I prefer to prepend user name to the name of a repository to separate the name space but it is not mandatory. The <read-only-user-for-instance> user is intended to use to clone the repository from instances to deploy code.

Load Balancer

We use the nginx as the HTTP load balancer in this subcourse. It is managed by the apt package manager, so just do the following to install it.

$
sudo apt-get install nginx

I (personally) opt to forward the port number of the clients to instances because carrier grade NATs are widely deployed in these days. So, please add the following line (second line) to the /etc/nginx/proxy_params file.


+
proxy_set_header X-Real-IP $remote_addr;
proxy_set_header X-Real-Port $remote_port;

When I tested last year, I need to change the following configuration in the /etc/nginx/nginx.conf file.

-
+
# server_names_hash_bucket_size 64;
server_names_hash_bucket_size 64;

To start the nginx daemon, you can type:

#
service nginx start

When you reload the configuration without stopping the service you can use reload:

#
service nginx reload

Before going to the automation, let's begin with manual configuration. Provided that we host the foo.p10.exp.ci.i.u-tokyo.ac.jp domain name and direct to instance1.ip.address:80 (this should be IP address of the instance1) and instance2.ip.address:80, you need to first edit /etc/nginx/sites-available/foo.p10.exp.ci.i.u-tokyo.ac.jp as follows.

server {
        listen 80;
        server_name foo.p10.exp.ci.i.u-tokyo.ac.jp;
        location / {
                proxy_pass  http://lxc.foo.p10.exp.ci.i.u-tokyo.ac.jp;
                include /etc/nginx/proxy_params;
        }
}
upstream lxc.foo.p10.exp.ci.i.u-tokyo.ac.jp {
        server instance1.ip.address:80;
        server instance2.ip.address:80;
}

Then, link the file into the /etc/nginxsites-enabled directory (and reload the server, of course).

#
#
ln -s /etc/nginx/sites-available/foo.p10.exp.ci.i.u-tokyo.ac.jp /etc/nginx/sites-enabled/foo.p10.exp.ci.i.u-tokyo.ac.jp
service nginx reload

LXC instance

In the LXC instance, we need to install a web server. Install the nginx or other web servers such as Apache. There are so many documentations about this, so try to search how to do it. Upon the deployment, what the LXC instance should do is just to clone the contents of repository to the document root of your Web server.

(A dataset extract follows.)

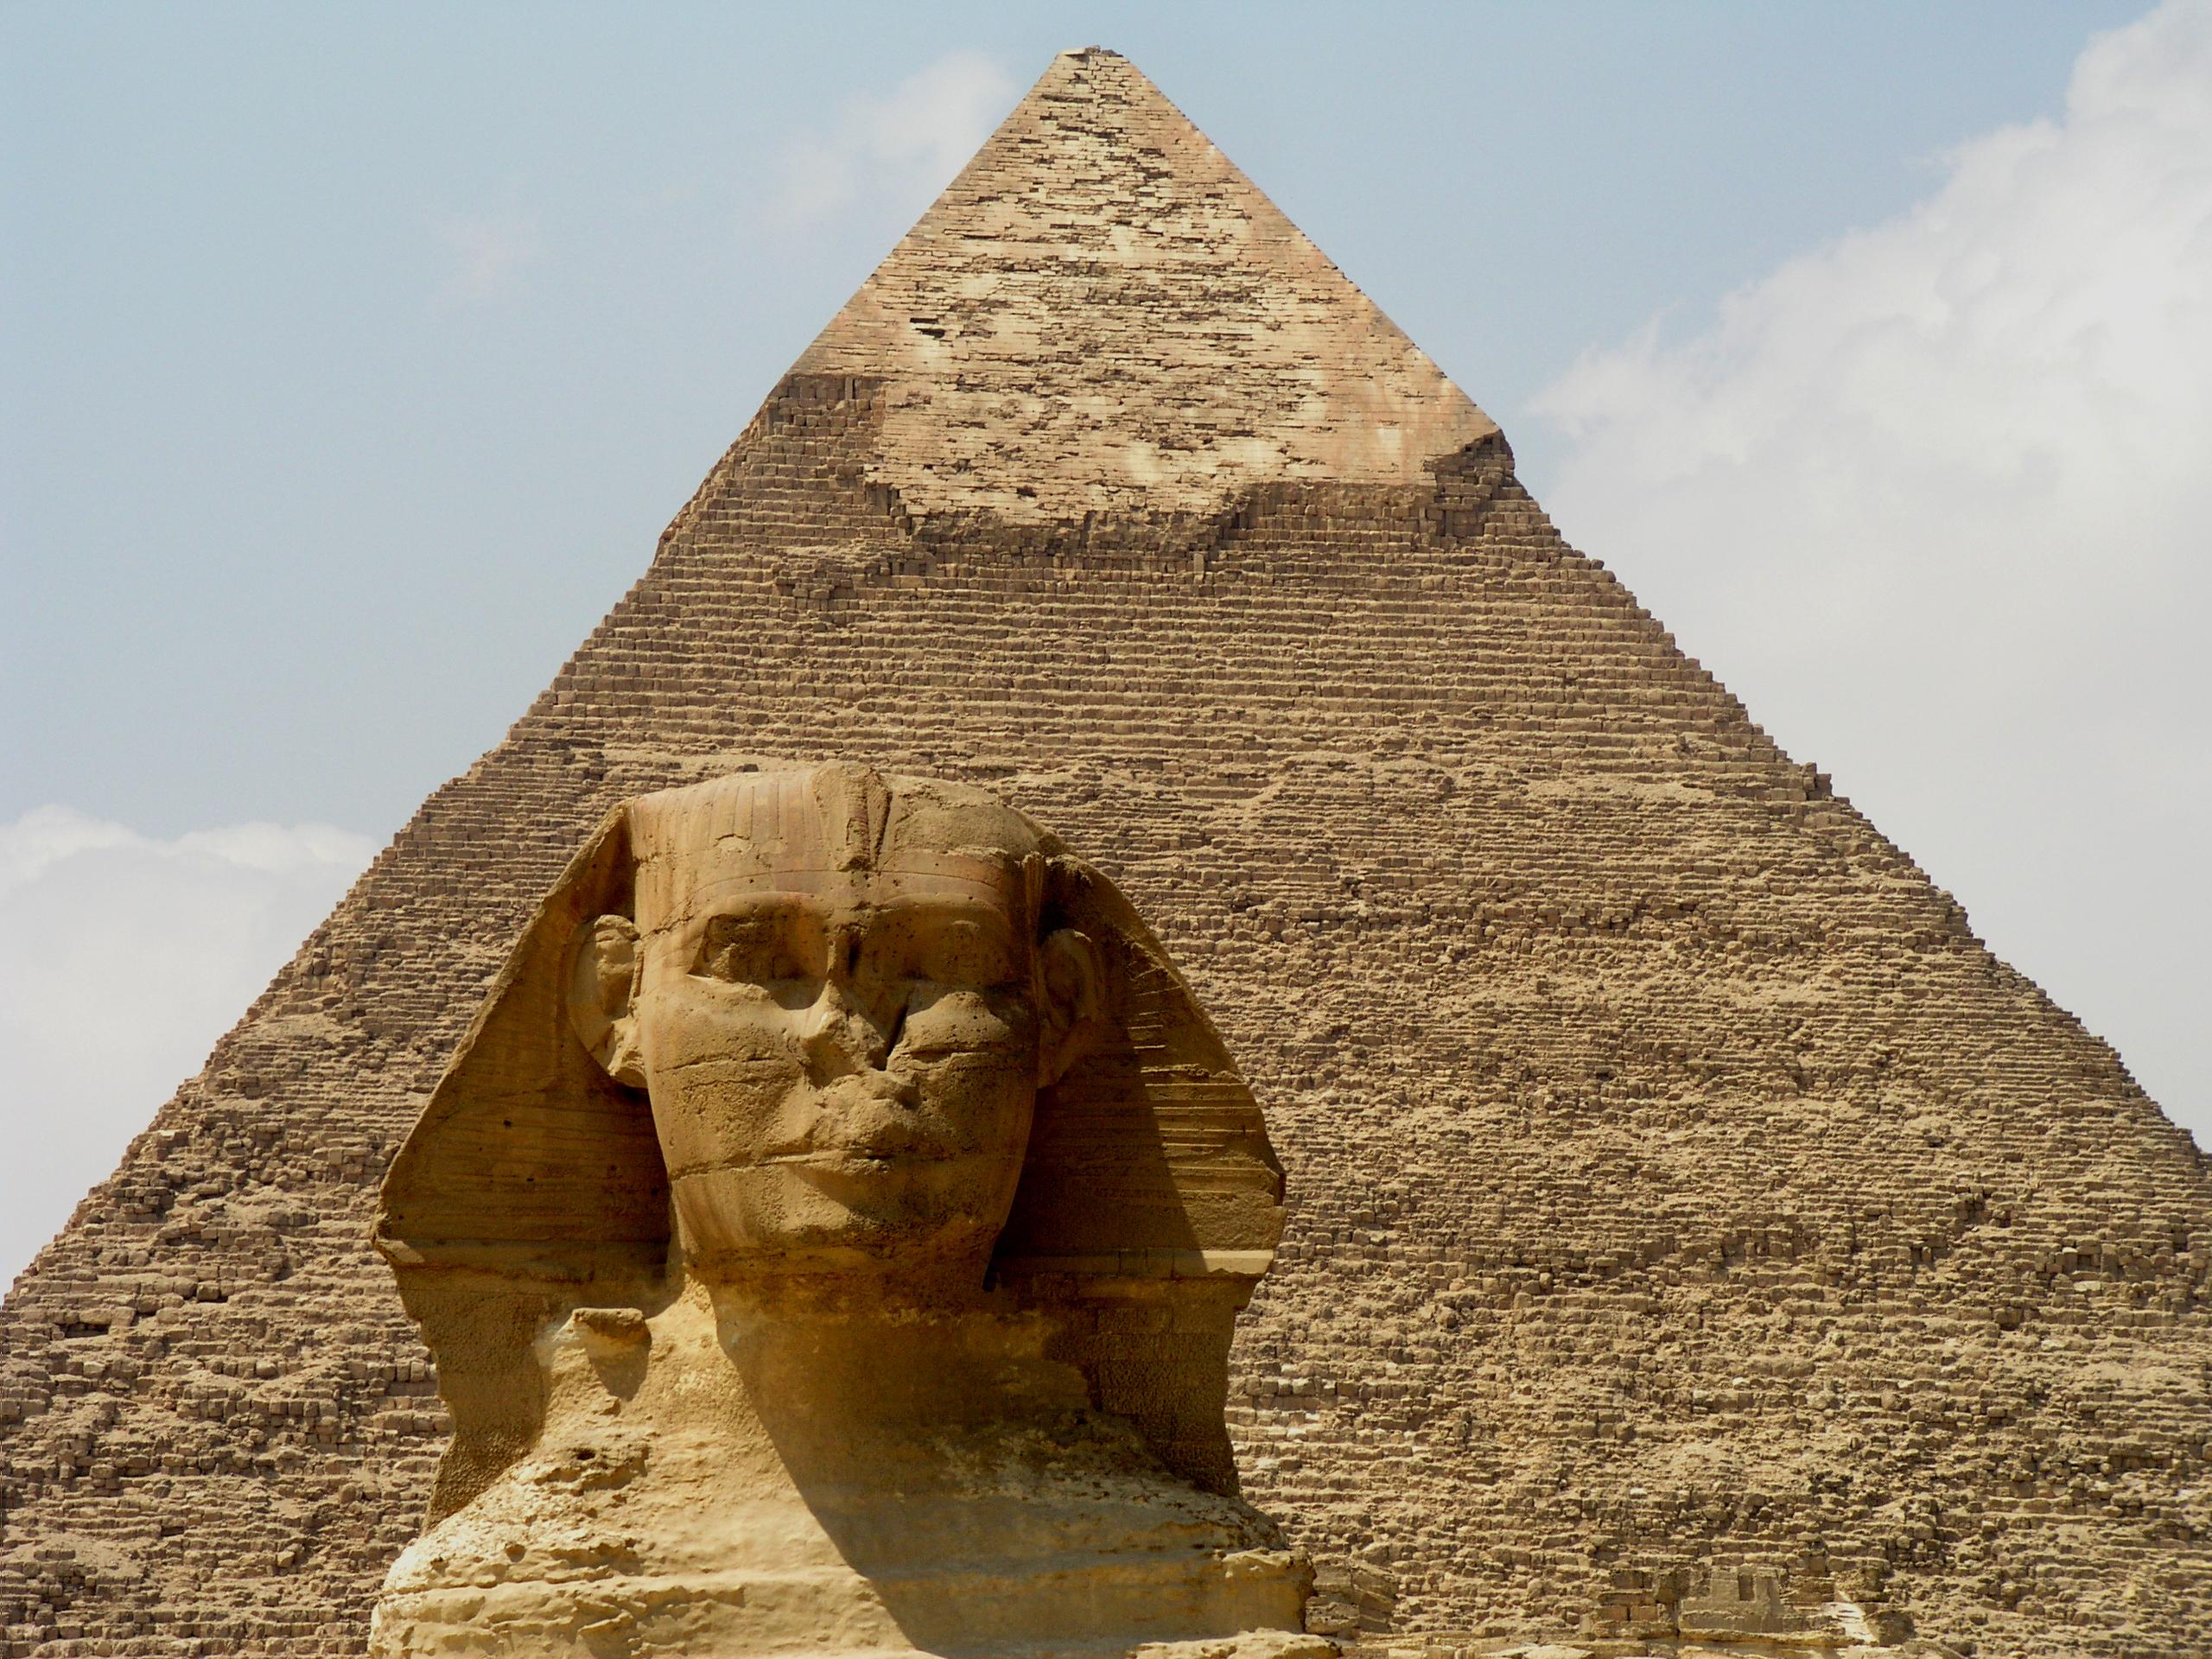 Great Sphinx, Chephren Pyramid, Giza, Egypt  № 2245231 загрузить

Towards Automated Control: Hook the git push event at the repository

The steps described above can be manually done. To automate this, the event of git push to a repository must be notified to the PaaS. In the git, an event handler script named post-update is called after the push to the repository. So, you can place a script to /home/git/repositories/<username>/<repository>.git/hooks/post-update in the repository server. Note that the it must have the executable permission (chown git <file> chmod +x <file>). An example of the event handler script is shown in the following.

## Only master branch is the target
BRANCH=$(git rev-parse --symbolic --abbrev-ref $1)
if [ "$BRANCH" != "master" ];
then
        echo -n "No active hook for this branch."
        exit
fi

/path/to/event/handler.sh username repository any-other arguments

Next Step: Towards PaaS

In the previous section, you understand each component of PaaS. The next steo is automation for static pages. I hope you to proceed to support a Web framework, Ruby on Rails, with a backend database server as the data store.